When the command had finished, we verified srmv1 status (DPM 1.3.4):

# /etc/init.d/srmv1 status

srmv1 dead but pid file exists [FAILED]

#

On the other side, srmv1 on DPM 1.3.7:

# /etc/init.d/srmv1 status 

srmv1 (pid 10476) is running...[  OK  ] 

2.7 dpm-addfs, putting, listing and deleting a file: SUCCESSFUL

Adding a new DPM fs (dpm-addfs), putting a file on the new fs via SRM, and then removing it (srm-advisory-delete) don't make trouble.

2.8 Setting RDONLY on a fs (dpm-modifyfs): PARTLY SUCCESSFUL

We used dpm-modifyfs to set one partition RO, leaving the other one RW.

dpm-modifyfs -server pccms5 -fs /storage1 -st RDONLY

dpm-modifyfs -server pccms5 -fs /storage2 -st RDONLY

Then dpm-qryconf presents wrong information:

[root@pccms5 dpm]# dpm-qryconf 

POOL pccms5.cmsfarm1 DEFSIZE 200.00M GC_START_THRESH 0 

GC_STOP_THRESH 0 DEFPINTIME 0 PUT_RETENP 86400 FSS_POLICY maxfreespace 

GC_POLICY lru RS_POLICY fifo GID 0 S_TYPE - 

CAPACITY 76.27G FREE 75.80G ( 99.4%) 

pccms22 /home/storage CAPACITY 10.87G FREE 9.42G ( 86.7%) RDONLY 

pccms5 /storage1 CAPACITY 13.94G FREE 13.47G ( 96.7%) 

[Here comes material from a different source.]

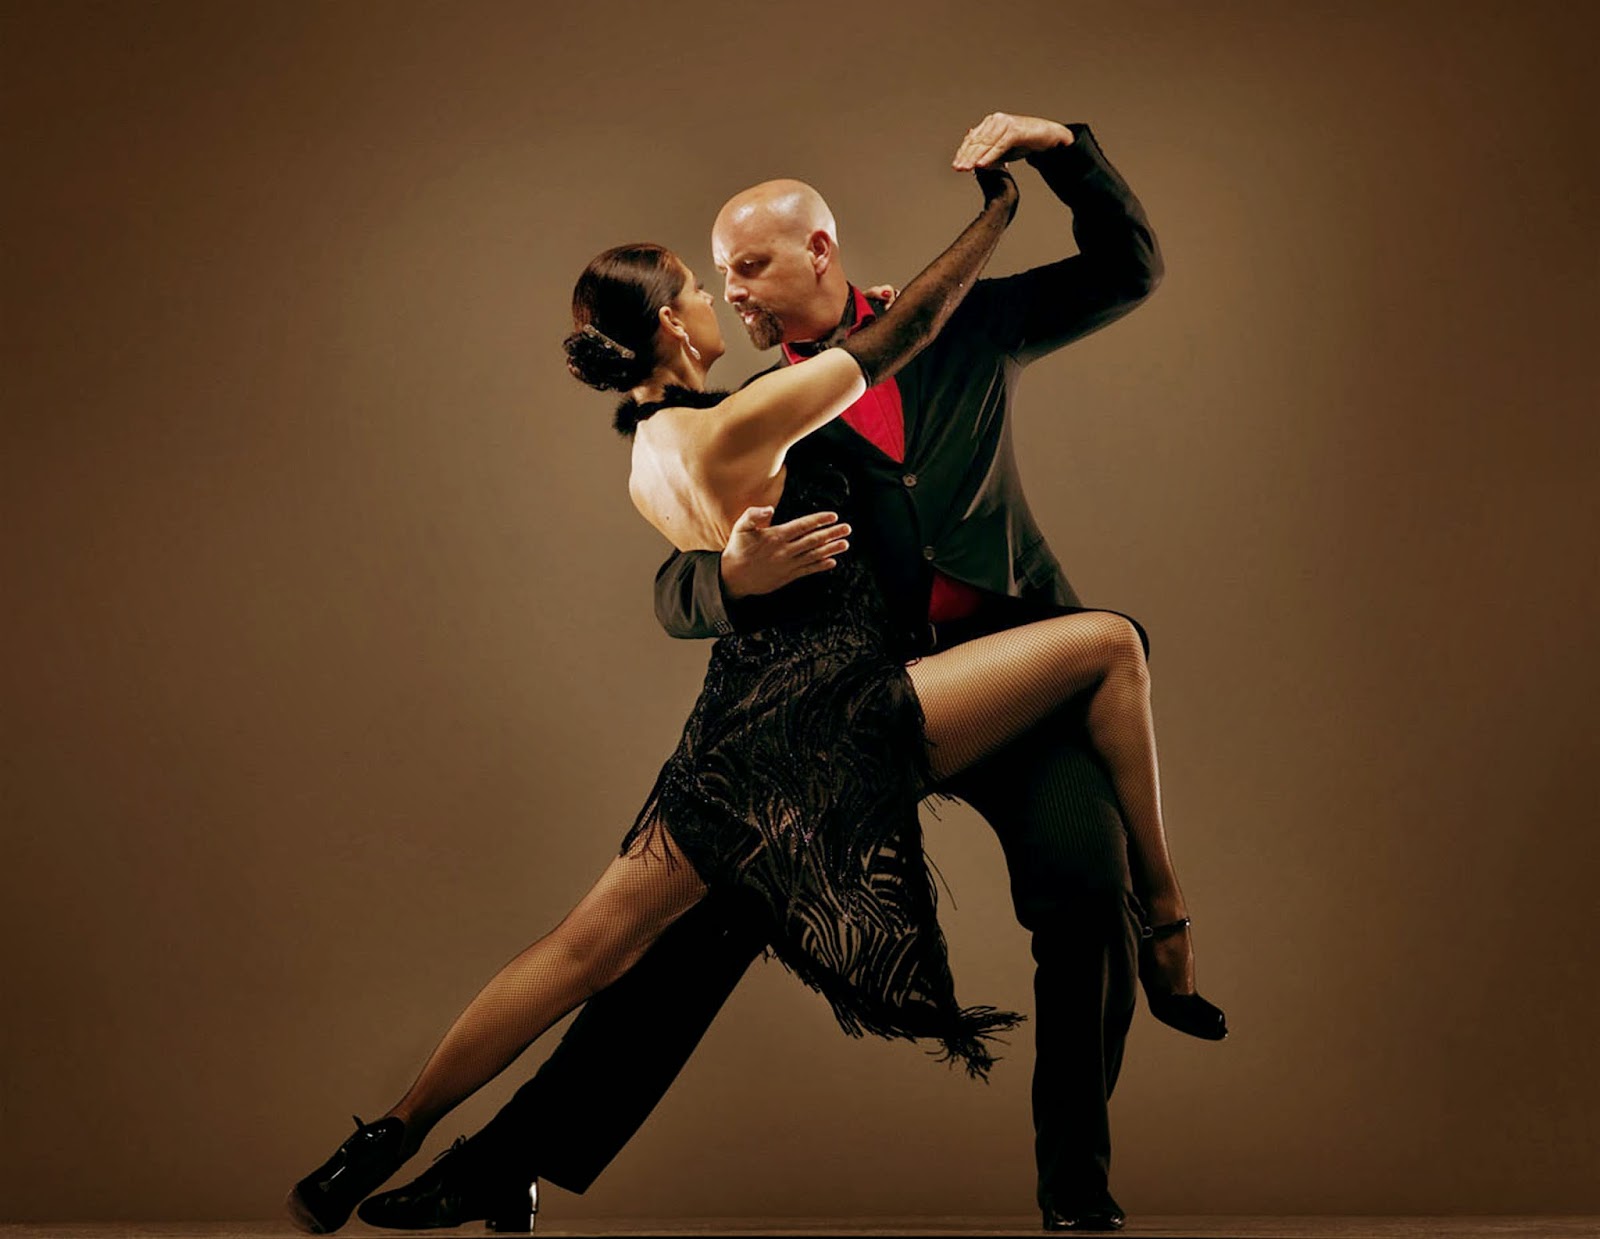 PATOLOGIA CLINICA: Tango dancing benefits Parkinson's patients

pccms5 /storage2 CAPACITY 62.33G FREE 62.32G (100.0%) 

We don't know whether dpm sees badly like dpm-qryconf; so let's start a transfer on DPM fs. Wrongly, file is put on pccms5, because dpm server uses the wrong infos. Transfer is:

[donvito@gridba1 donvito]$ srmcp -debug=true 

   file:////tmp/trentadue.tar.gz

   srm://pccms5.cmsfarm1.ba.infn.it:8443/dpm/ba.infn.it/home/cms/trentadue

and on DPM server:

[root@pccms5 dpm]# dpm-qryconf 

POOL pccms5.cmsfarm1 DEFSIZE 200.00M GC_START_THRESH 0 

GC_STOP_THRESH 0 DEFPINTIME 0 PUT_RETENP 86400 FSS_POLICY maxfreespace 

GC_POLICY lru RS_POLICY fifo GID 0 S_TYPE -                               

CAPACITY 76.27G FREE 73.20G ( 96.0%)   

pccms22 /home/storage CAPACITY 10.87G FREE 9.42G ( 86.7%) RDONLY   

pccms5 /storage1 CAPACITY 13.94G FREE 10.87G ( 78.0%)   

pccms5 /storage2 CAPACITY 62.33G FREE 62.32G (100.0%)

You can notice >2GB space allocated on pccms5 /storage1, which should be RO! The final solution is restarting the dpm daemon after setting RO on the fs. Doing so, if you put a file on the DPM fs, the DPM service selects correctly the RW partition, respecting the RO/RW flags.

2.9 Trying to store files with no available fs: FAILED

Let's start from this situation:

[root@pccms5 dpm]# dpm-qryconf 

POOL pccms5.cmsfarm1 DEFSIZE 200.00M GC_START_THRESH 0 

GC_STOP_THRESH 0 DEFPINTIME 0 PUT_RETENP 86400 

FSS_POLICY maxfreespace GC_POLICY lru RS_POLICY fifo GID 0 S_TYPE - 

CAPACITY 10.87G FREE 9.42G ( 86.7%) 

pccms22 /home/storage CAPACITY 10.87G FREE 9.42G ( 86.7%) 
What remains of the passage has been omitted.